What about More Servers?

So far, I have built an agent with one MCP server, but what about more? The system prompt will be overwhelmed with too many instructions.

The first idea comes to me is “multi-agent”, which is actually what I’m working on. For example, each agent holds one server and a routing agent is responsible for decomposing the task and routing sub-tasks to the corresponding agent.

However, this is not a good solution. I cannot guarantee that all sub-tasks can be completed with only one MCP server. Handling the communication between different agents flexibly and elegantly is also a challenge.

Here is my solution: allow the agent to reset its MCP servers according to the current task. When resetting the MCP servers, the corresponding tools will be equipped, and the system prompt will be updated by adding/deleting corresponding tools instructions. By this way, the agent is more flexible and powerful, and can serve as a basic agent in a more complex multi-agent system.

Specifically, the reset_equipped_tools function receives a boolean argument for each MCP server. If the argument is set to True, the tools in this MCP will be added to the agent, as well as the corresponding instructions.

The following is the signature of the reset_equipped_tools:

class ReActAgentV2:
    # ...
    def reset_equipped_tools(
        self,
        gaode_map: bool = False,        # Map service server
        webpage_fetch: bool = False,    # Webpage fetching server
        webpage_deploy: bool = False,   # Webpage deployment server
        multimodal: bool = False,       # Multimodal server (text to image/audio)
    ) -> ServiceResponse:
        """Reset your equipped tool functions. Use this function when your 
        current tools are not enough to solve the task. Note this function is 
        not incremental, it will first disable all the current tools, and then 
        enable the new ones.
    
        Args:
            gaode_map (`bool`, defaults to `False`):
                The gaode map related tools for geography related tasks
            webpage_fetch (`bool`, defaults to `False`):
                The webpage fetching tools
            webpage_deploy (`bool`, defaults to `False`):
                The webpage deploying tools, which can be used to deploy the given webpage
            multimodal (`bool`, defaults to `False`):
                The multimodal tools, including text to image/audio tools
        """
        ...

Reflections and Concerns

I’m not saying MCP is bad. It’s a great idea and has a lot of potential, but as an agent developer, integrating MCP into my code is quite challenging.

MCP Selection

The challenge starts with selecting the right MCP server. Check out one MCP market, you will find

  • Proliferation of similar servers with unclear differentiation
  • Individual servers offering multiple overlapping functions without documentation regarding function selection criteria (e.g. three functions that fetch webpage in Markdown, HTML and JSON format respectively)

While flexibility is valuable, clearer guidelines on function selection and use cases would significantly improve developer experience.
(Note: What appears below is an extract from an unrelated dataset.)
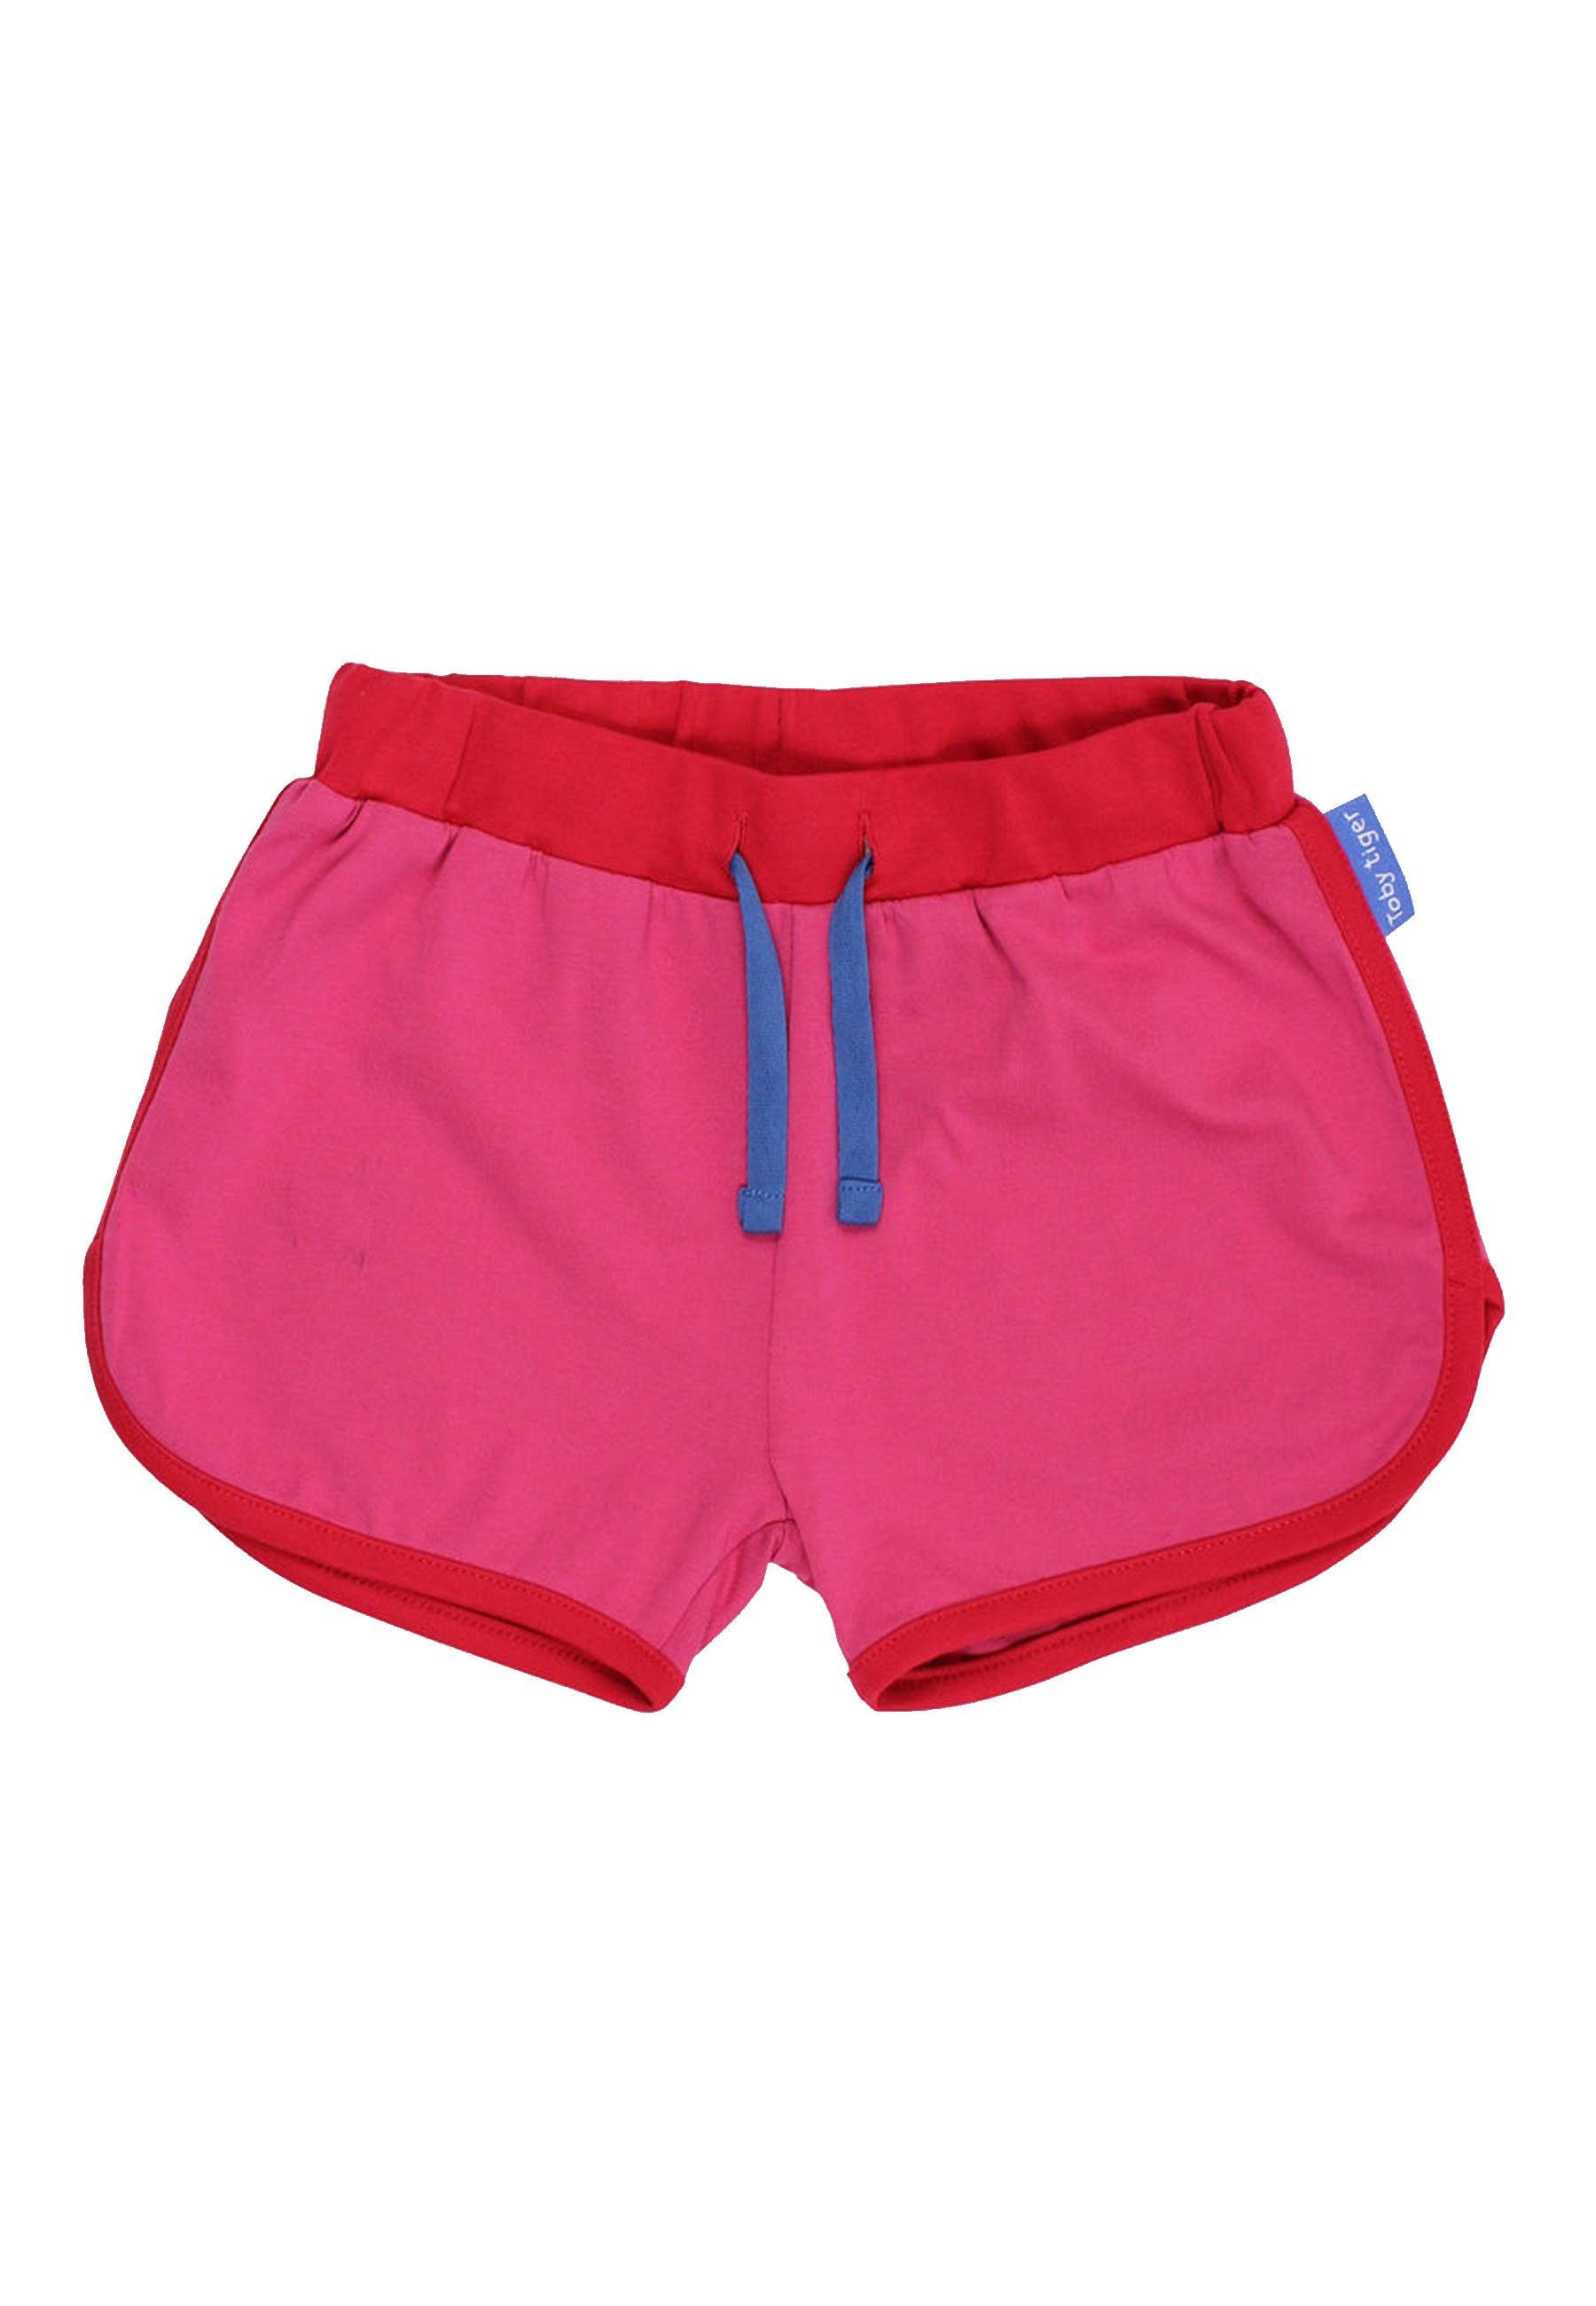 Toby Tiger Shorts Shorts | Shorts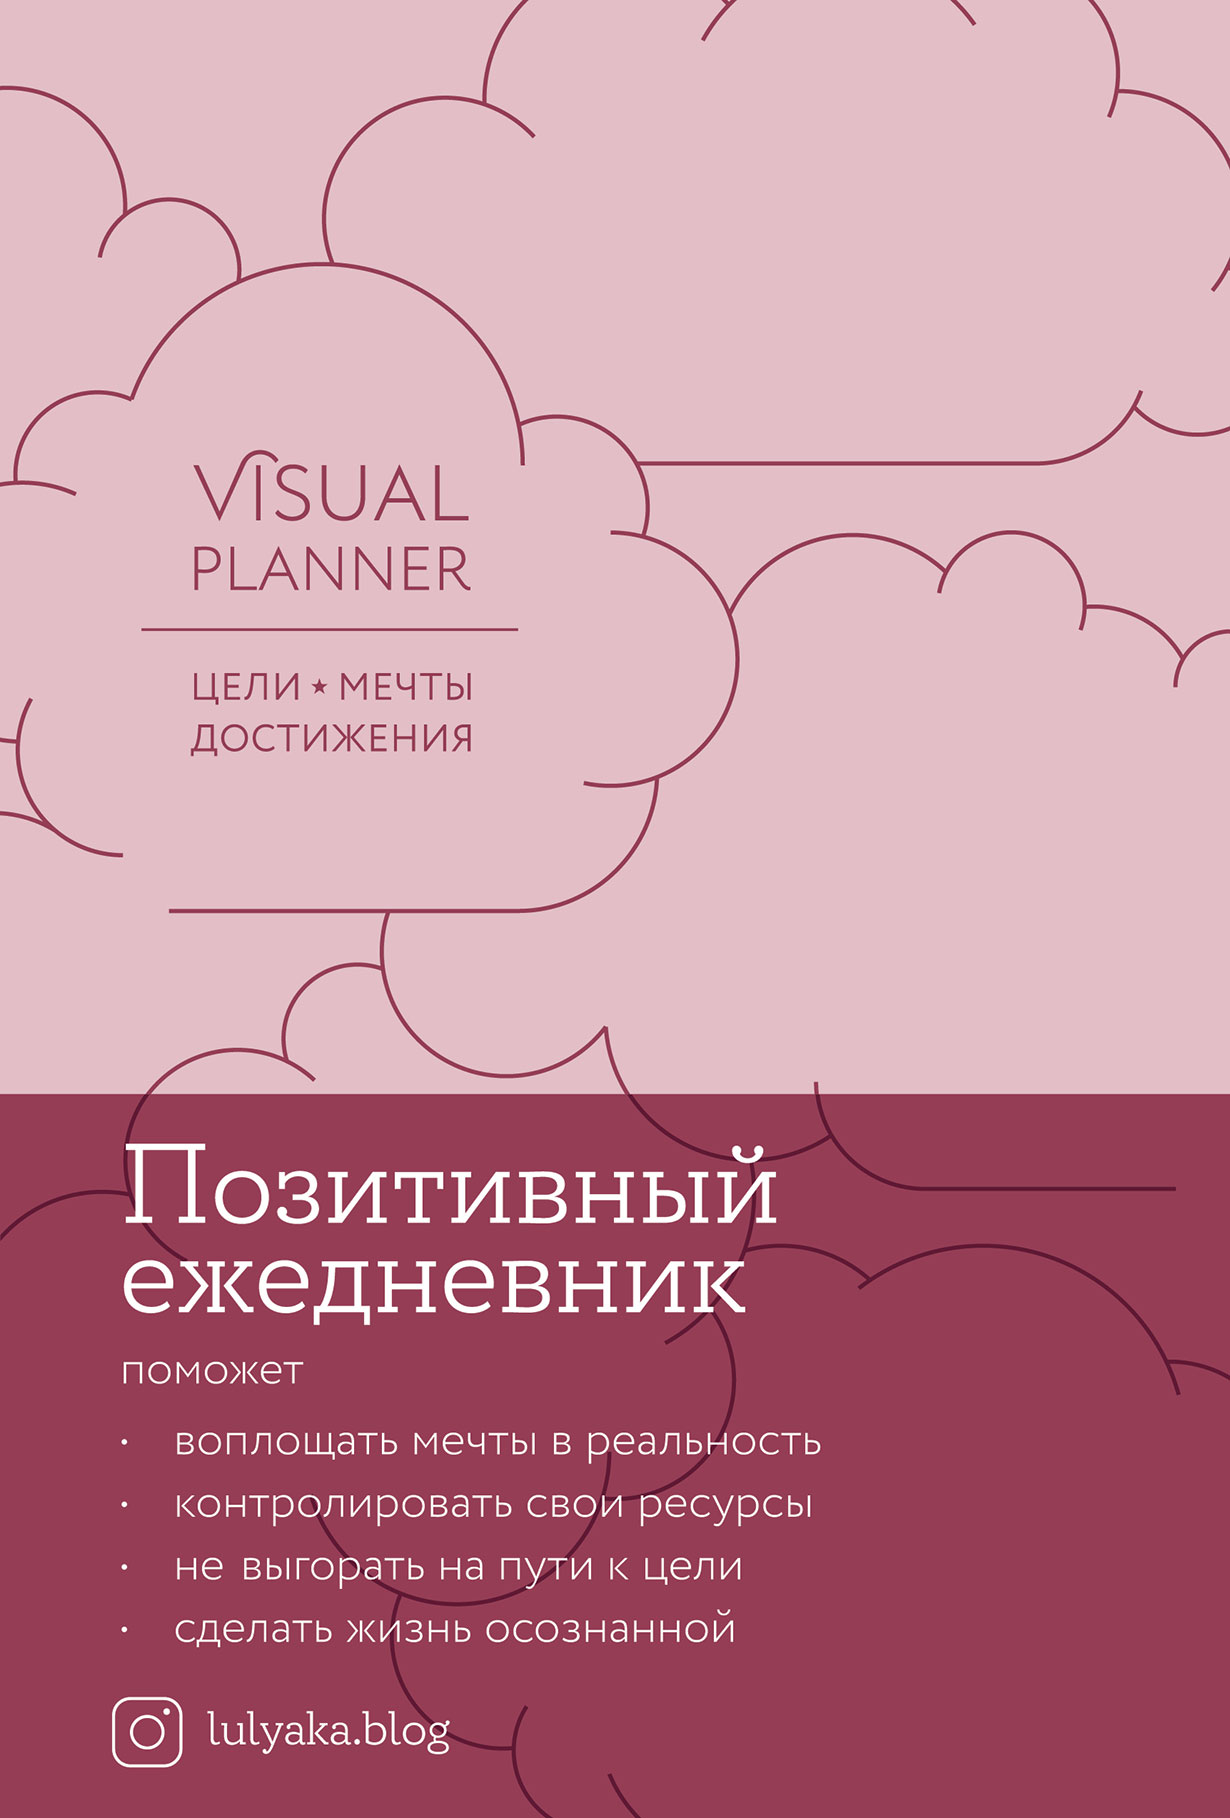 фото Книга visual planner цели мечты достижения позитивный ежедневник от @lulyaka.blog розов... альпина паблишер

Quality Control & Evaluation

The lack of standardized quality metrics is a significant concern for both agent and MCP server developers. Currently, there’s no reliable way to:

  • Evaluate which server best suits specific needs and compare performance across similar servers (for agent developers)
  • Determine if a server meets minimum quality standards (for MCP developers)

I know it’s difficult to establish a universal standard for all MCP servers, but building a way for agent and MCP developers to communicate and share feedback would be a great start. Similar to mobile app stores where user feedback drives improvements and helps maintain quality standards.

Post-Processing Complexity

When using multiple MCP servers, the inconsistent return types and formats leads to a cumbersome post-processing experience. To render the results from MCP servers in a frontend, I have to post-process their results one-by-one. Markdown, JSON, HTML, and plain text formats are all mixed together, making it a nightmare to handle.

At the end, all these issues significantly undermine the “plug-and-play” promise of MCP, often requiring substantial additional development effort to achieve consistent functionality.